Our first expedition of the day though saw us take to a zodiac boat and explore the ice flow filled waters of Paradise Bay. This bay is aptly named. As with so many locations on the Antarctic peninsula the area is flanked by stunning mountain peaks (clad in snow and ice of course). The head of the bay is also fringed by several spectacular glaciers, each of which sheds fresh bergs on a daily basis.
The eastern corner of the bay is also highly sheltered resulting in a zone of perfectly still water. Imagine this scene if you can; gliding silently through iridescent blue bergs as a vista of stunning mountains are reflected as perfect mirror images in the water surrounding your boat. This was truly the stuff that Antarctic postcards are made of. Words simply cannot do justice to the experience.

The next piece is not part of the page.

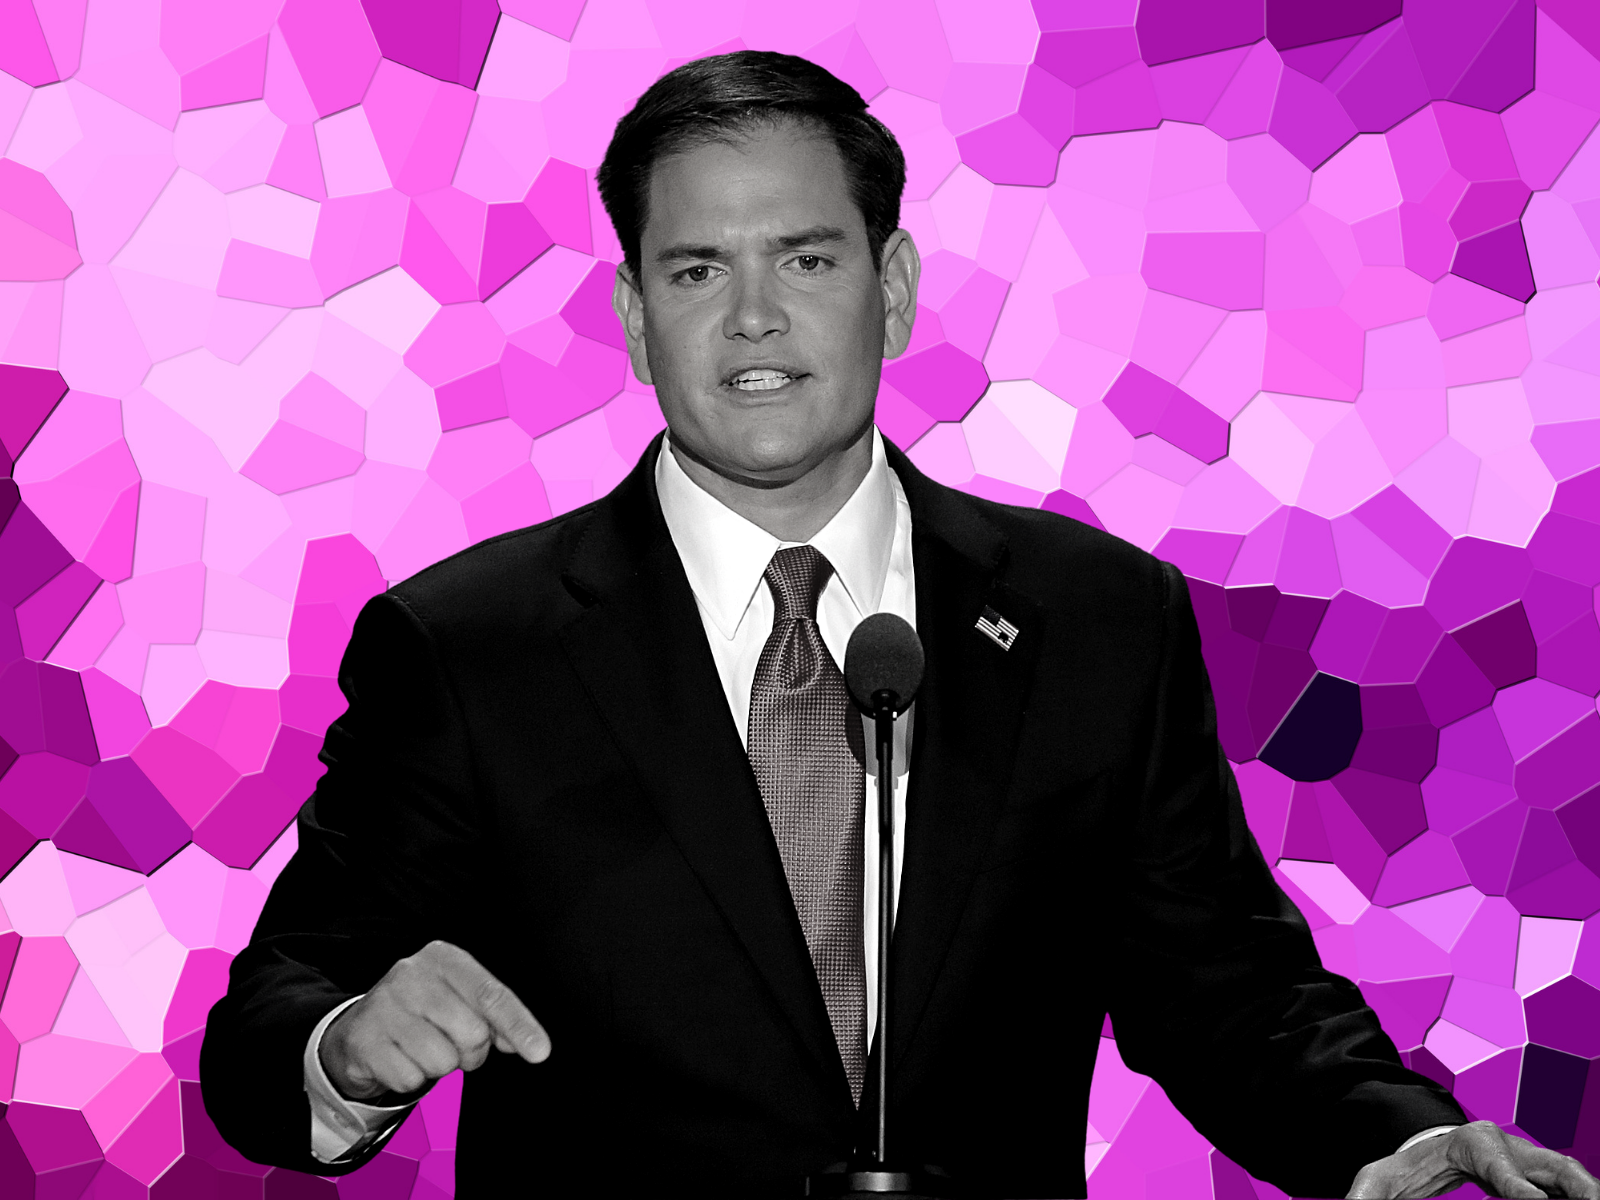 Marco Rubio likens Israeli Rafah incursion to routing Adolf Hitler from a bunker

Our second stop of the day was equally mind-blowing. We cruised to the opposite end of Paradise Bay, to a rocky outcrop called Waterboat Point. At low tide it’s joined to the mainland by a natural causeway. However, when we landed the tide was in and so we couldn’t really claim to have stood on the Antarctic peninsula. This sheltered, picturesque location is noted in history as the site where two young men (the oldest of whom was 23) lived an entire winter alone in 1822.
In more recent years Chile has built a research base at Waterboat Point, right the middle of an active Gentoo penguin colony. As a result, visitors reach the base’s building by literally walking around the nests of penguins incubating their precious clutch of eggs. Garry and I was left speechless by the experience. As we quietly walked along a guano smeared path we witnessed one penguin after another adjusting its eggs, while other fended off scavenging birds. We even saw a couple of penguins mating, a rare sight so late in the season.

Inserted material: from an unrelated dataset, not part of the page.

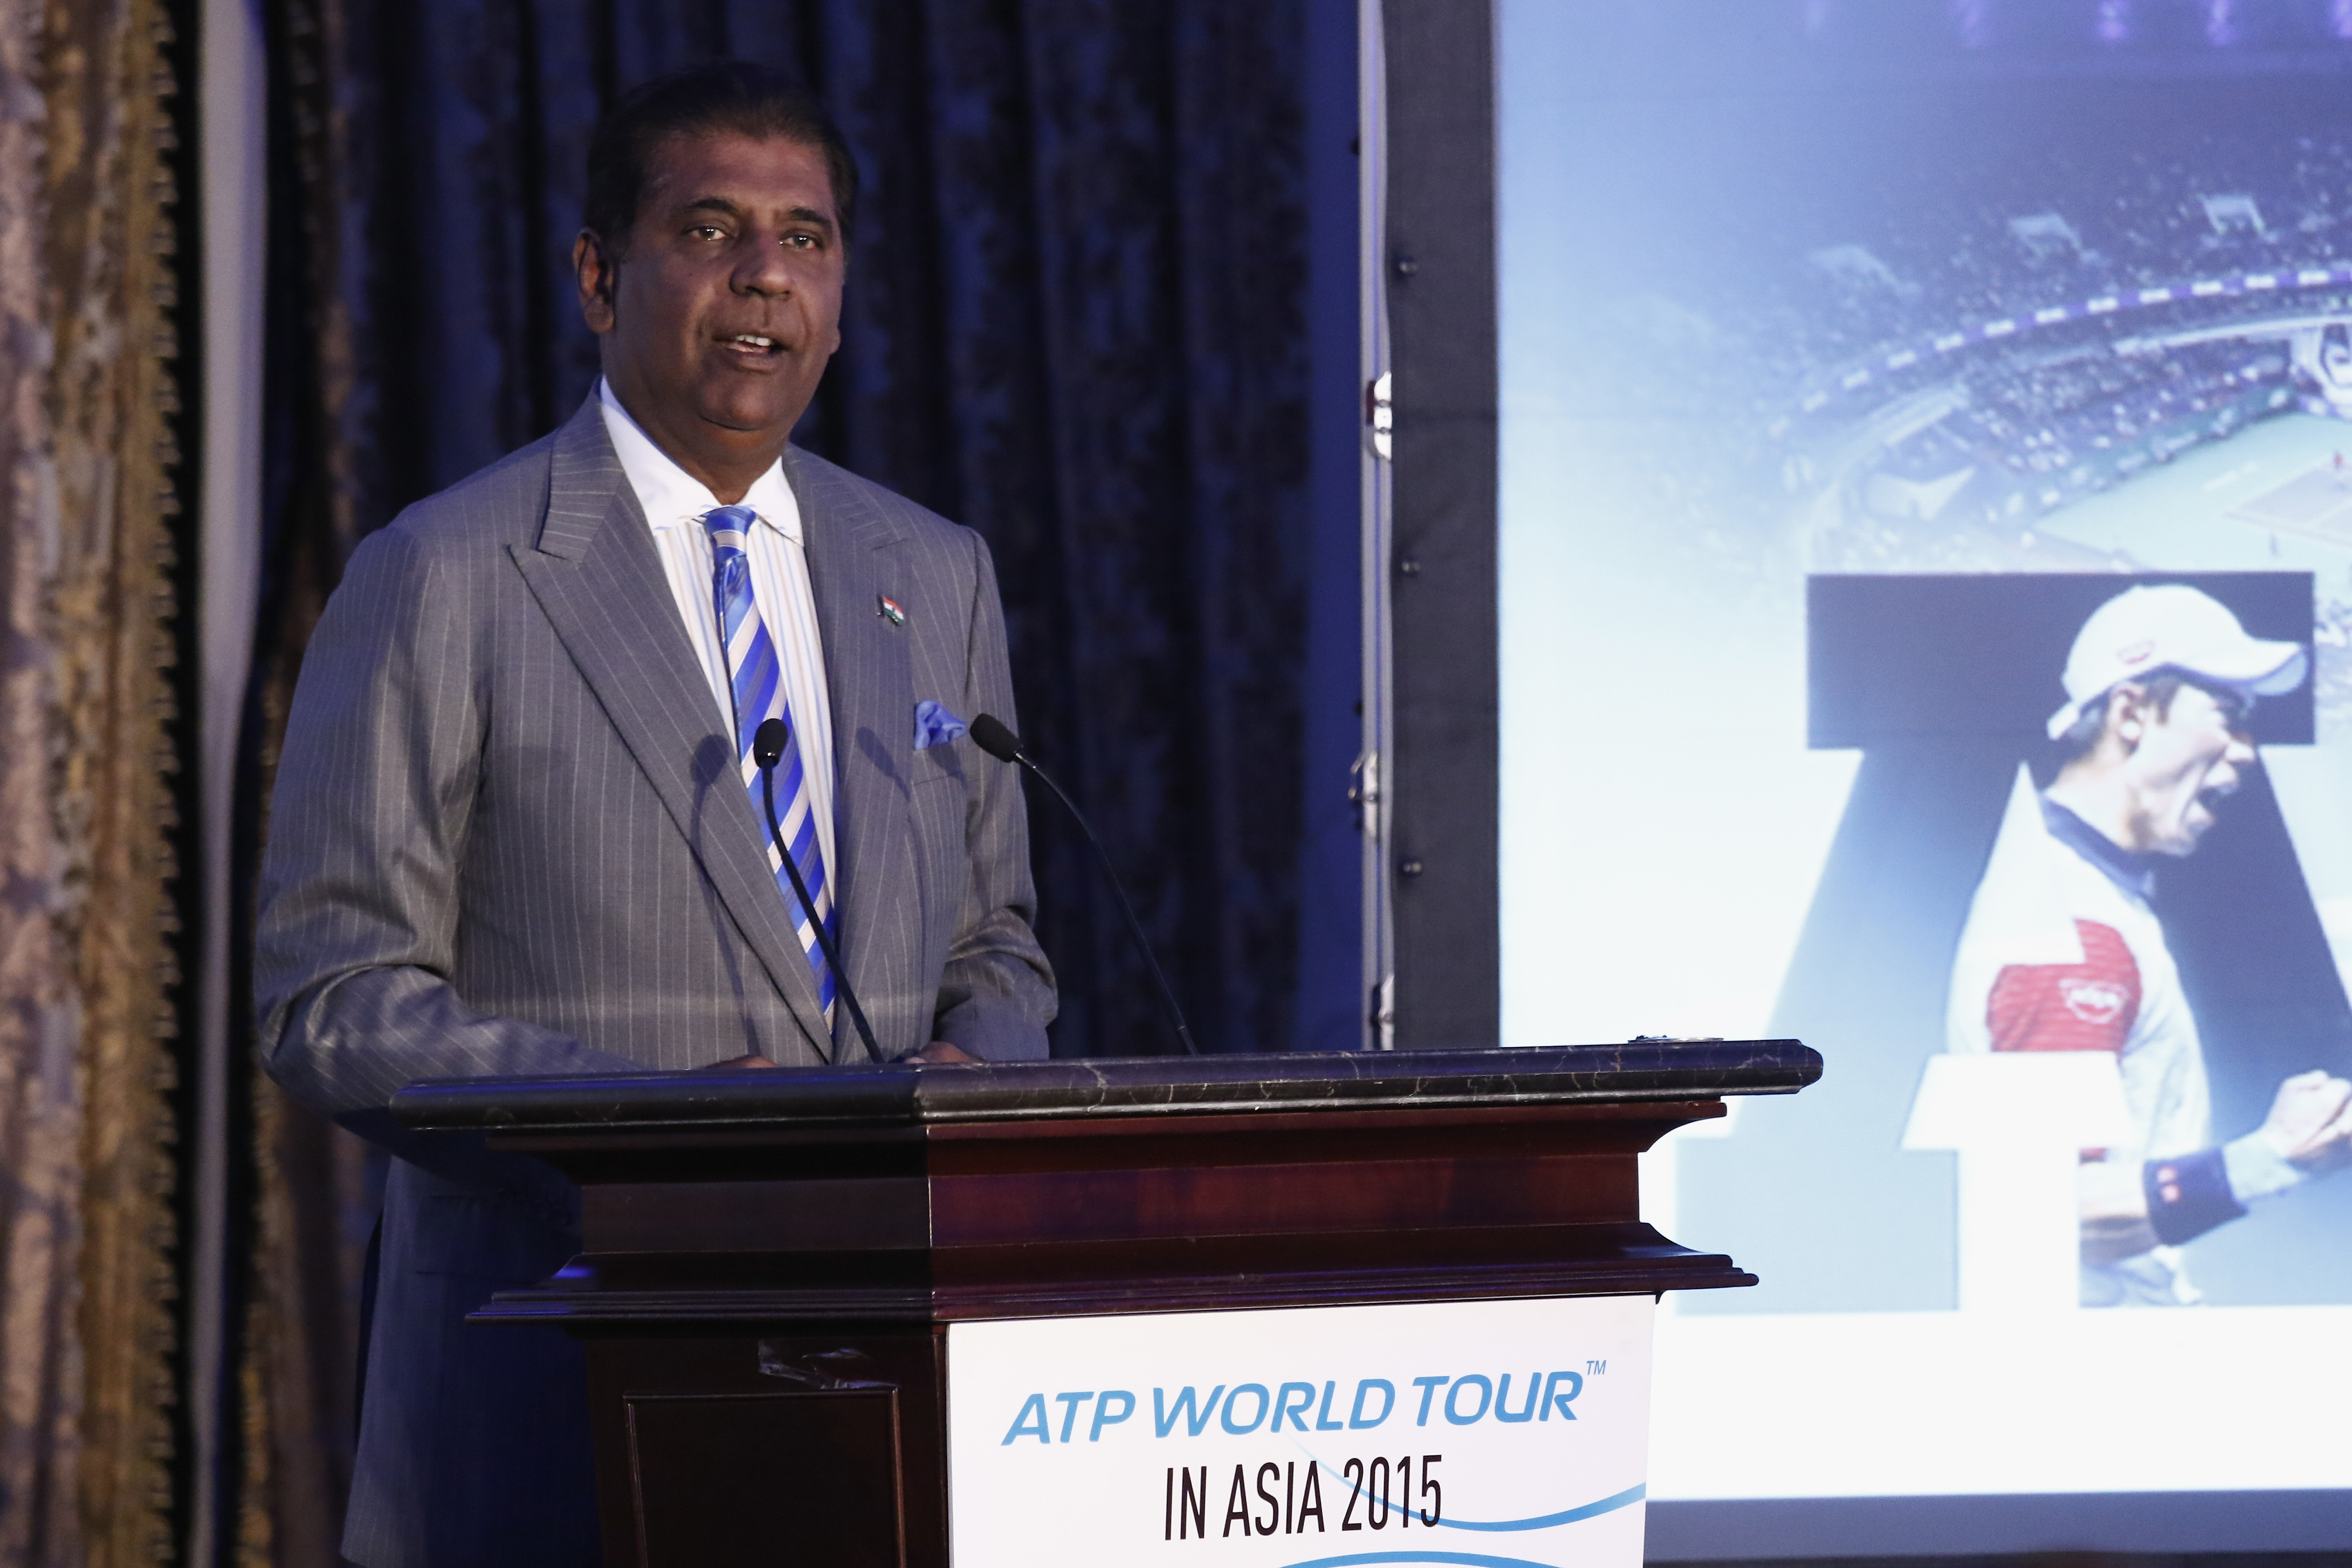 Indian tennis doesn’t lack guidance, you play the hand you're dealt with, says Vijay Amritraj

While at the base we stopped to get an Antarctic base stamp in our passports. This was to become the first of three such stamps we secured during our cruise. The base also had a small museum and gift shop in operation. We indulged ourselves and purchased a couple of long-sleeve t-shirts as mementos of our visit.

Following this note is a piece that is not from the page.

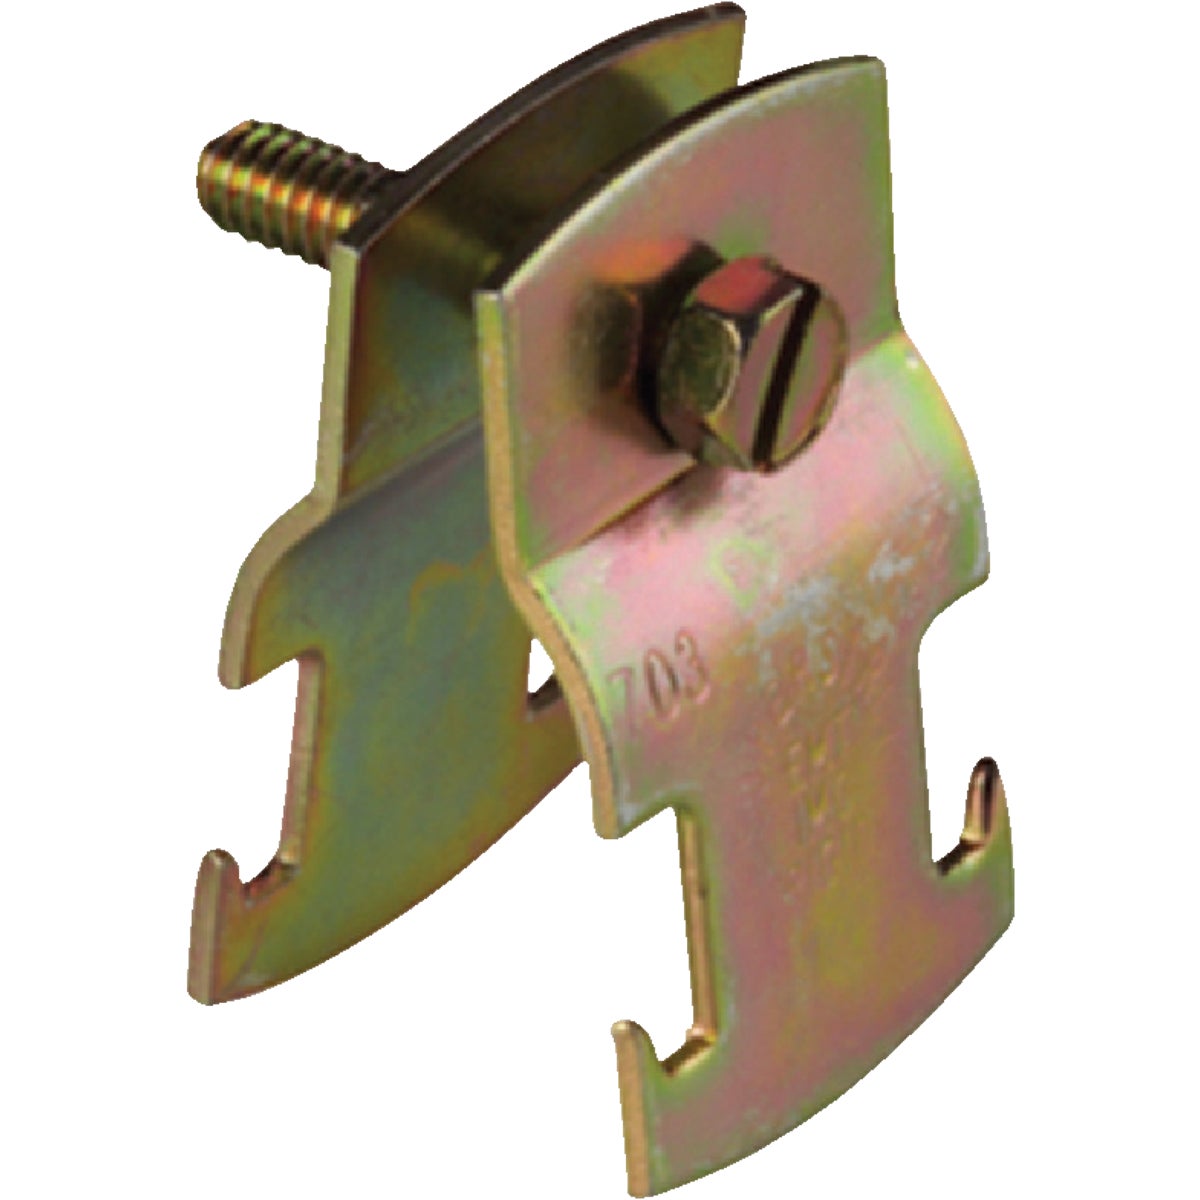 Superstrut 1-1/4 In. Gold Galvanized Electroplated Zinc Universal Pipe Clamp

Our third and final excursion of the day was the iconic moment we’d been waiting for! Our ship sailed on into Neko Harbour, yet another picturesque bay, located on the peninsula. It was here that Garry and I finally set foot on our seventh, and last, continent. It also marked the moment when we could actually claim to have stepped on every continent in a single year. This remarkable feat was never planned and probably won’t happen again in our lifetime.
As you look back through this blog you’ll see that we visited:
- Africa – celebrating the start of the new year in Port Elizabeth, South Africa
- Asia – visiting India on our way back to London last August (I also went to Malaysia on business in November)
- North America – where we spent the Summer cruising from Vancouver to Alaska
- Australia – completing our annual round-the-world ticket in August
- Europe – where we’ve been living for the last five years
- South America – where we joined our Antarctic cruise.
Everyone on our cruise went ashore. As the last person landed our crew surprised us all with champagne toast. A smaller group then ventured off to climb up a snowy incline to a rocky outcrop several hundred metres above the bay. I joined the climbing party while Garry elected to tramp along the shore to observe a stunning glacier calving into the bay.
The climb through knee-deep snow was exhausting to say the least. However, those of us who finally made to the top were greeted with the most extraordinary vista. It was easily the most memorable of our entire cruise, made all the more spectacular thanks to plenty of sunshine and blue skies. Once again I gave the video function on my digital camera a solid work out; click below for the result.
Imagine if you can a sweeping view across a scenic bay, surrounded by soaring snow-capped rocky peaks, through which glacier after glacier could be seen inching their way towards the sea. Then cap off this scene with a series of misty distant mountains, silhouetted by the glint of sunlight reflecting on the harbour’s surface. I couldn’t think of a more fitting way to finally make landfall on my seventh and final continent.